--- START ---

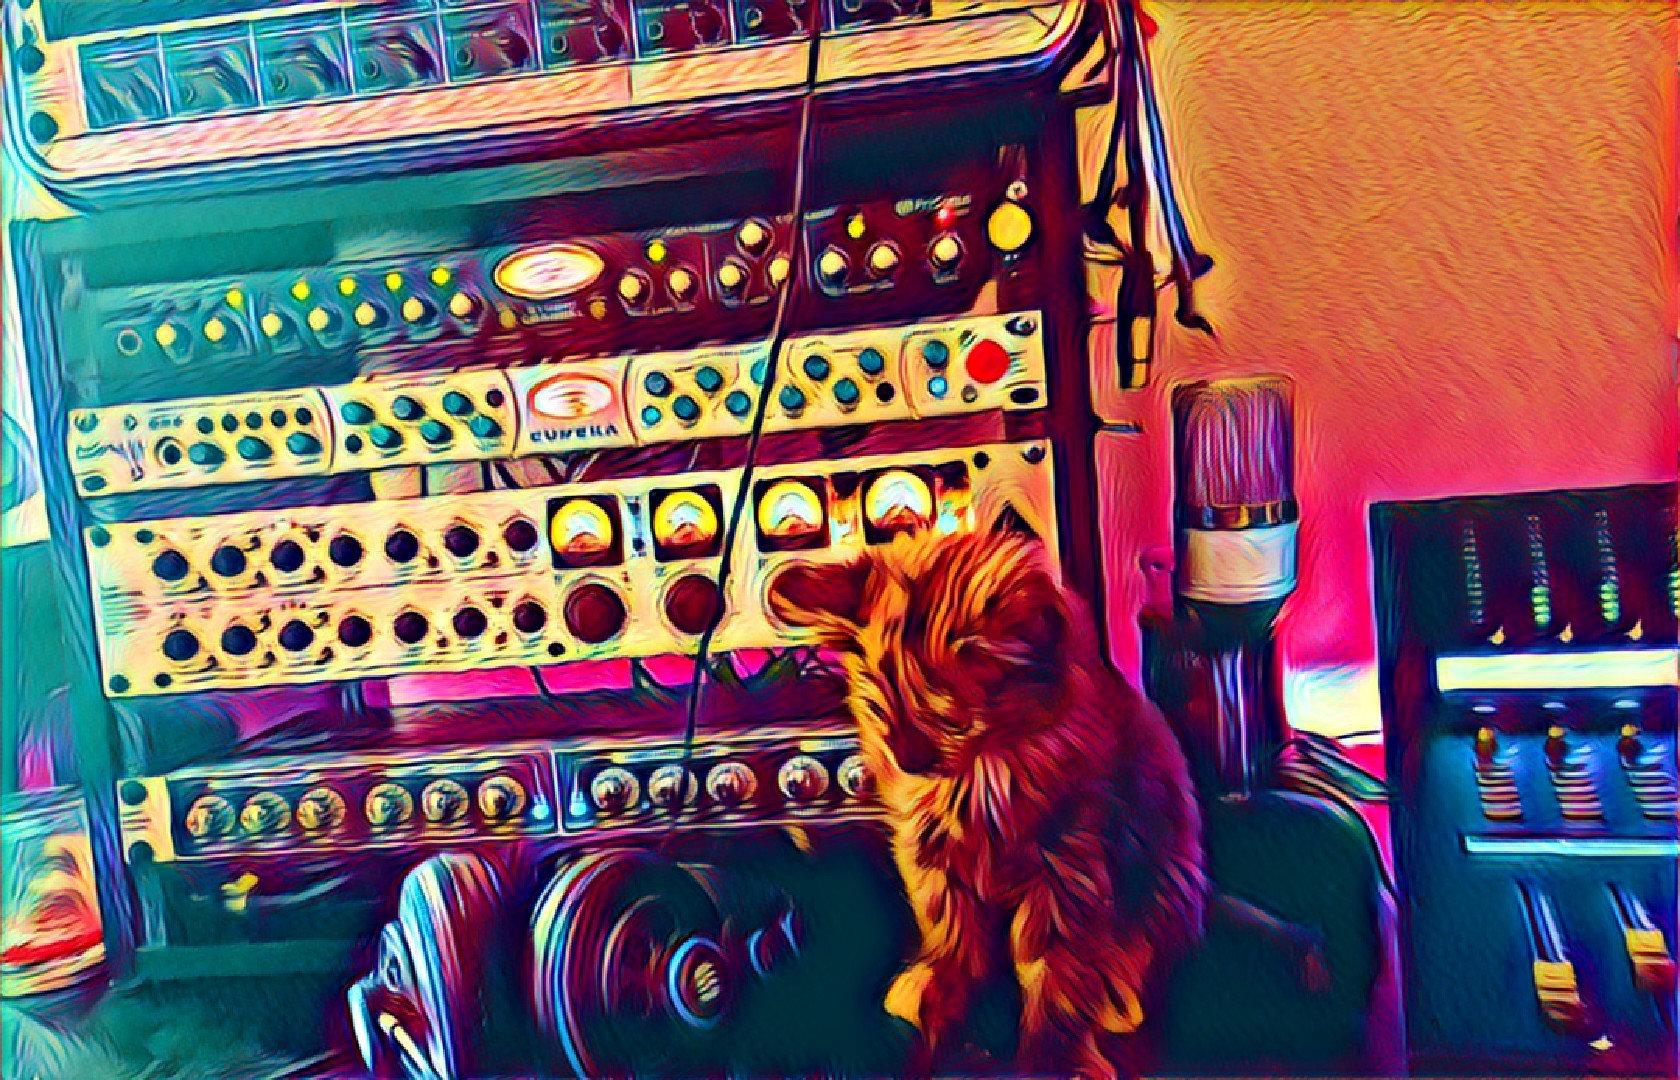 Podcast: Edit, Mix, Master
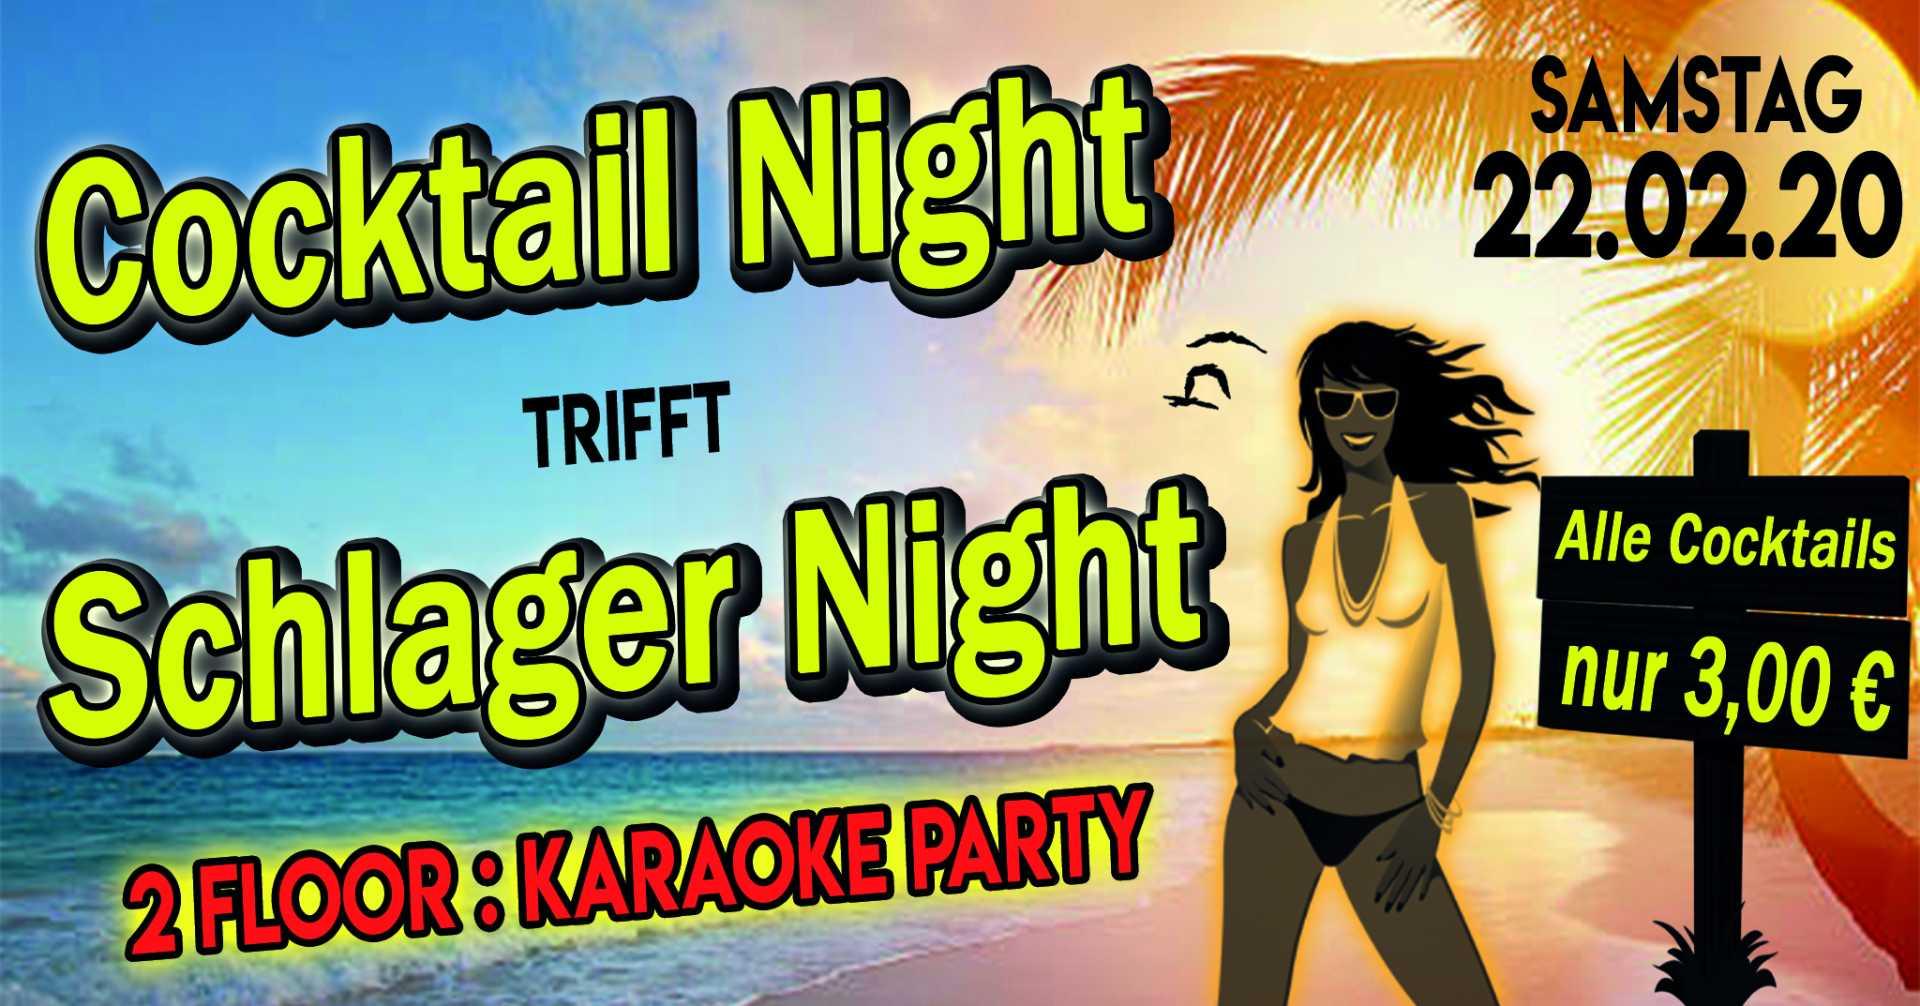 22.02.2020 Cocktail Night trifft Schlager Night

--- END ---
--- START ---

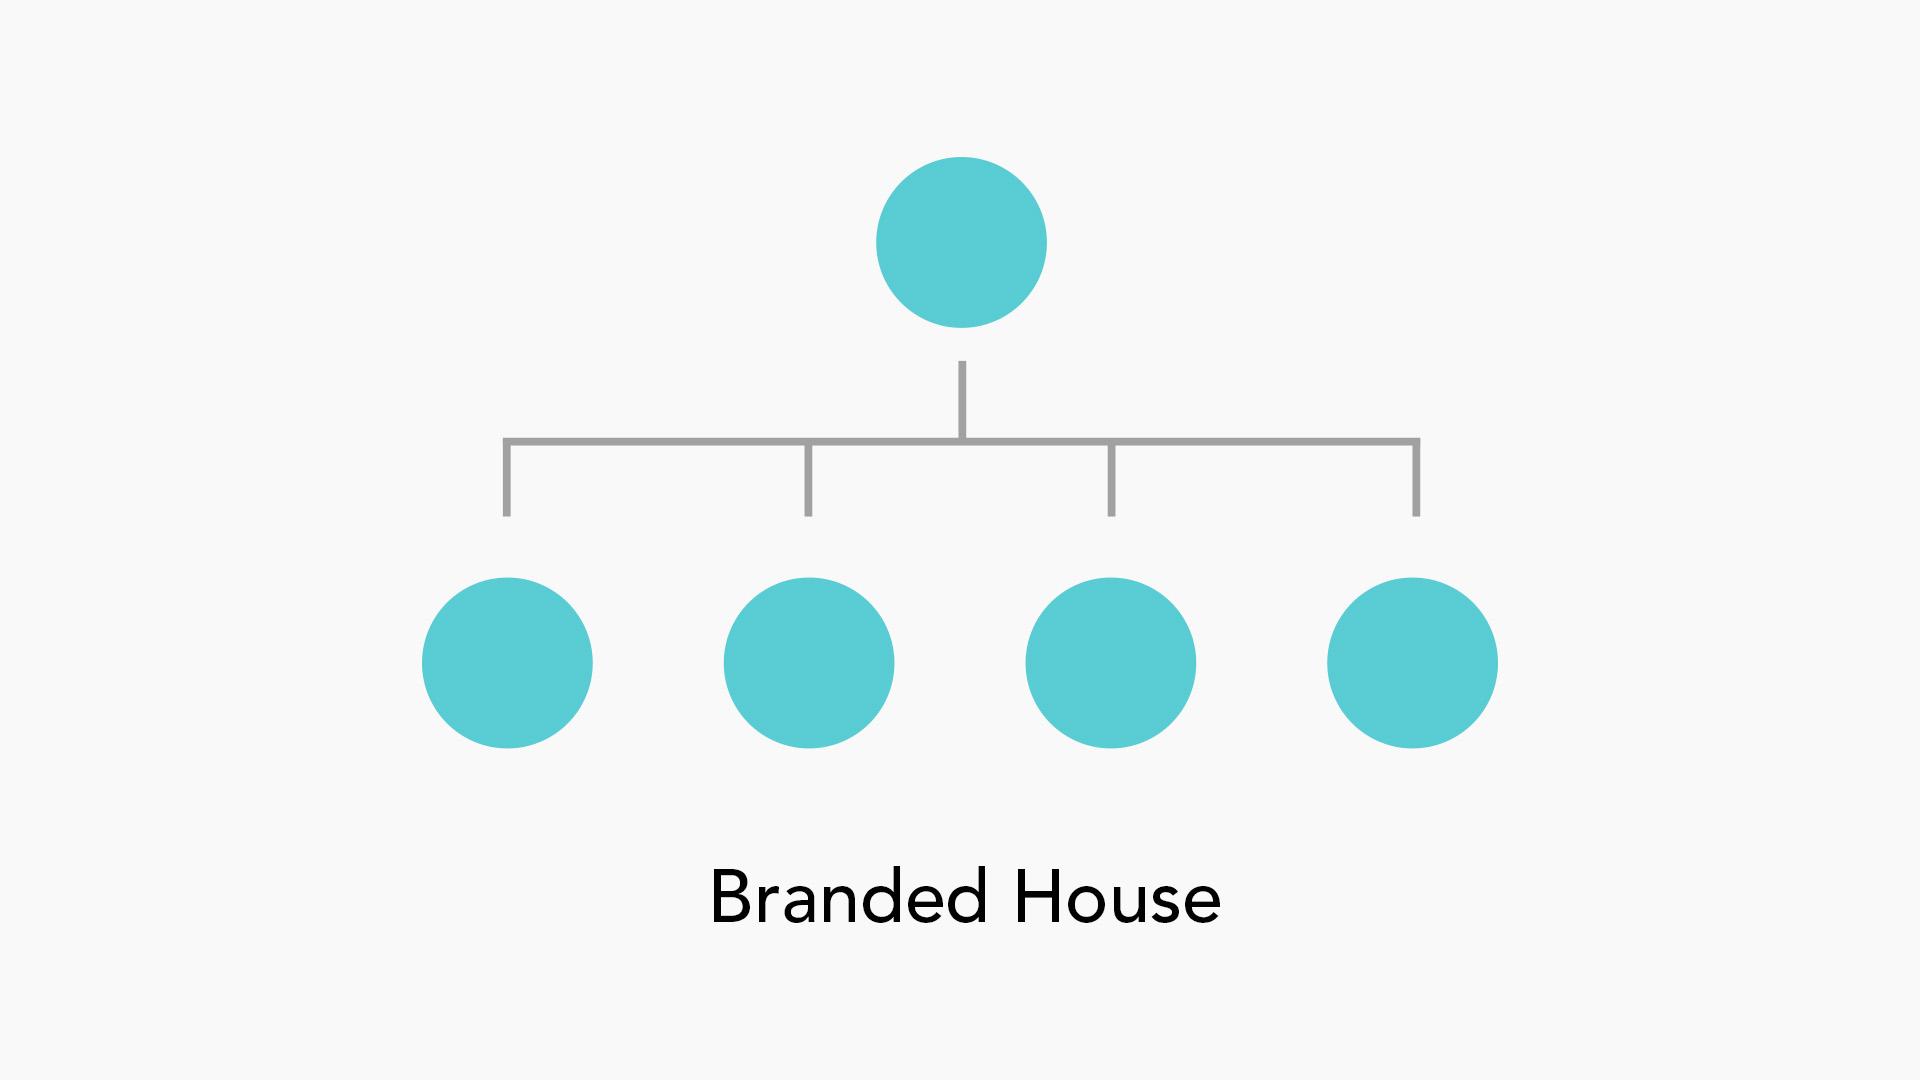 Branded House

--- END ---
--- START ---

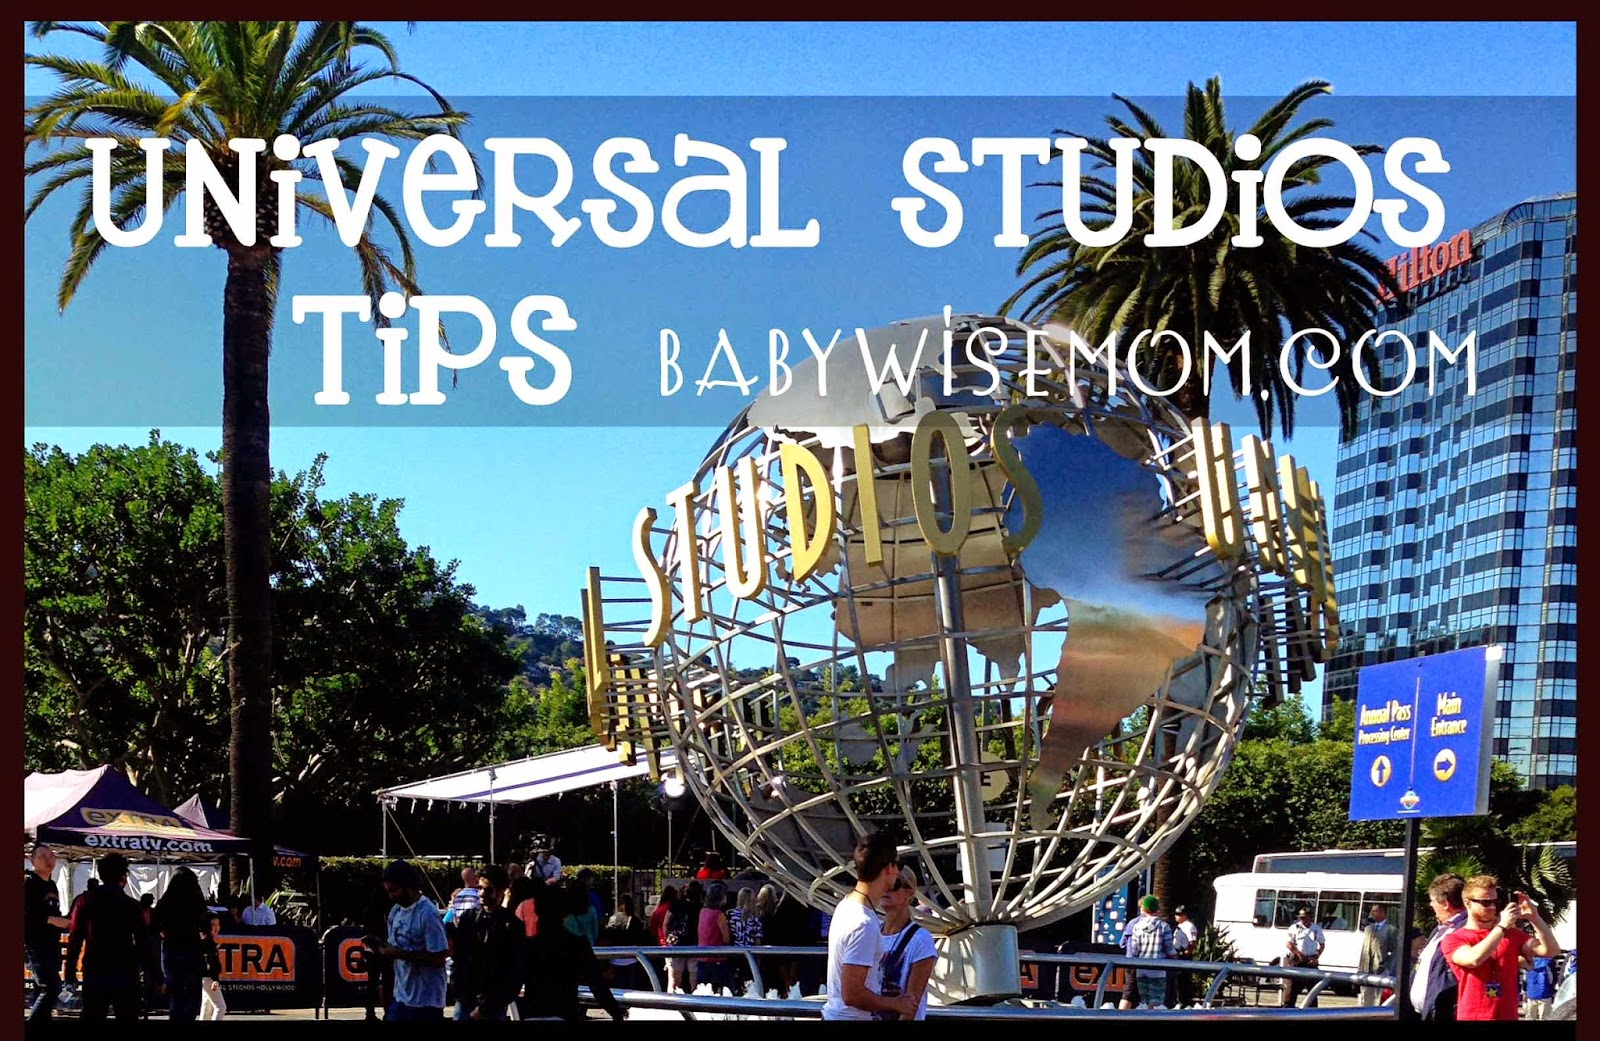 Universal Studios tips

--- END ---

Problem to work on =
Within the listing above, the stretch from the line with "Podcast: Edit, Mix, Master" down to the line with "22.02.2020 Cocktail Night" is to be given again exactly, end lines included and pictures excluded.

Solution to this problem =
 Podcast: Edit, Mix, Master
 22.02.2020 Cocktail Night trifft Schlager Night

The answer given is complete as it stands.